As you might expect, when search engines can’t access all of the URLs on a site, it causes a slew of issues for SEO. To see if your URLs are available and indexable, crawl the site with Screaming Frog and create a dashboard of URLs and the data linked with them.
If you have certain URLs on your site that should be indexed but aren’t being found, there are problems that need to be addressed. Some of the most common issues to consider on our pages:
- with blocked resources
- that contain a noindex
- that contain a nofollow
- that contain a different canonical link
- redirects being handled at a page level instead of at the server request
- that utilizes a fragment URL (or hash URL)
Core Web Vital Audit and Optimize for Page Speed
While SEO and user behaviour metrics are the most typically employed when doing a content audit, Core Web Vitals can potentially move the needle.
While a fast website cannot compensate for poor-quality content that fails to fulfil the demands of real consumers, optimising for page speed can be a differentiator that allows you to edge ahead in the “competitive race” that is SEO.

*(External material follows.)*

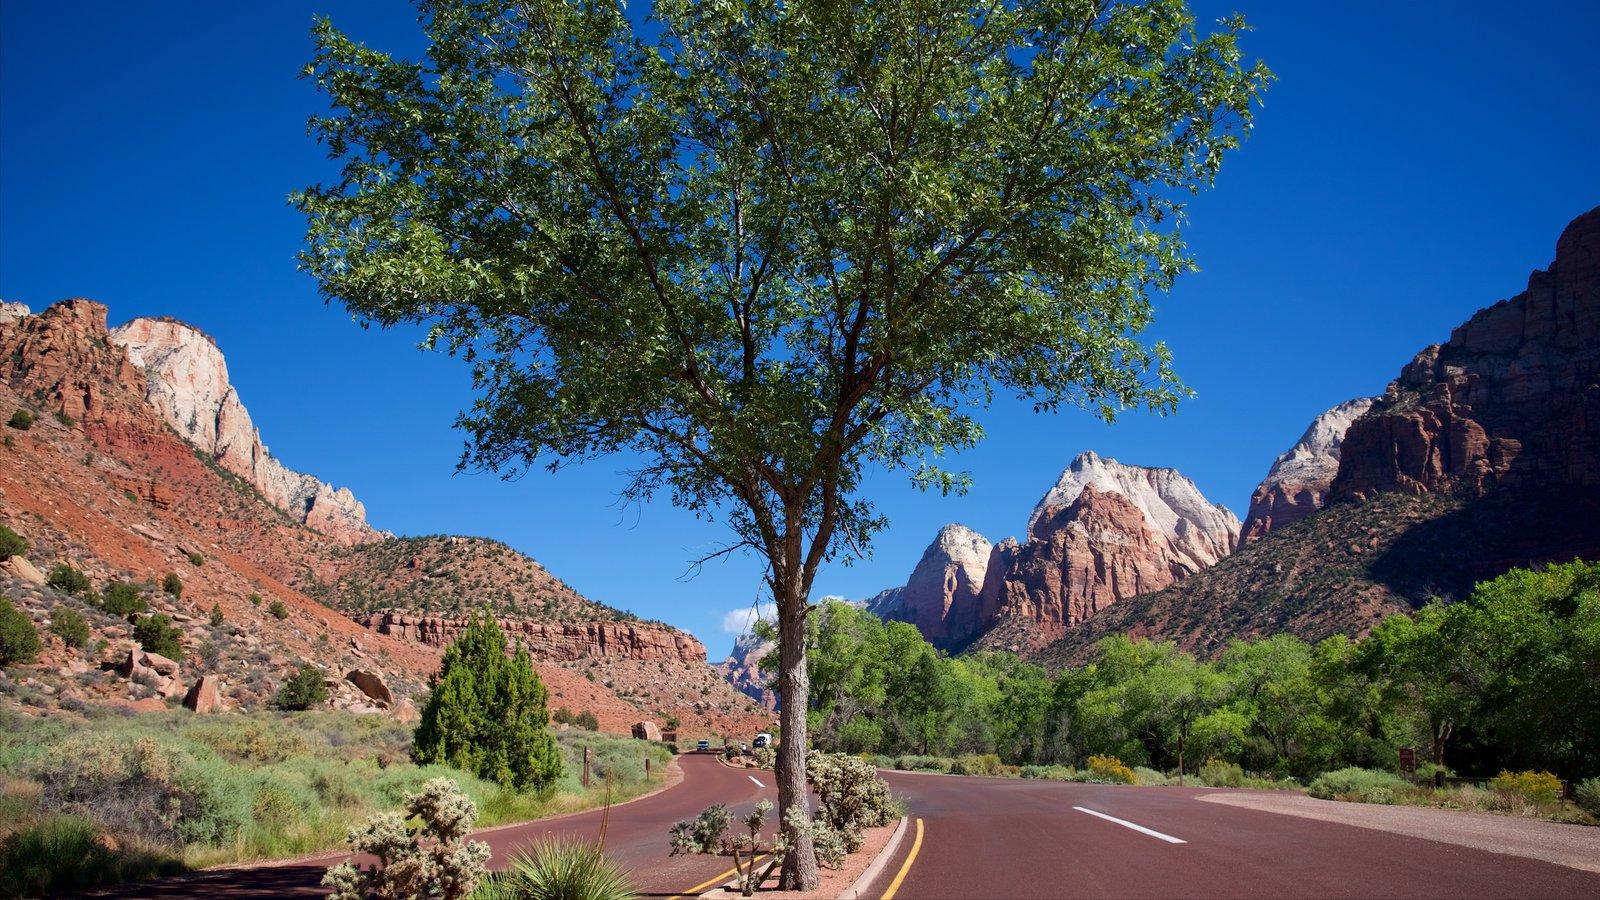 Parque Nacional Zion ofreciendo turismo y escenas tranquilas

Simply defined, these metrics are intended to assess both page speed and user experience. The top three Core Web Vitals are as follows:
- Largest Contentful Paint (LCP) – measures the time it takes for the primary content on a page to become visible to users. Google recommends an LCP of fewer than 2.5 seconds.
- Cumulative Layout Shift (CLS) – measures the number of layout shifts that reposition a page’s primary, which ultimately affects a user’s ability to engage with content. Google recommends a CLS score of 0.1 or less.
If you need more insights on how to generate the Chrome UX Report check out our blog.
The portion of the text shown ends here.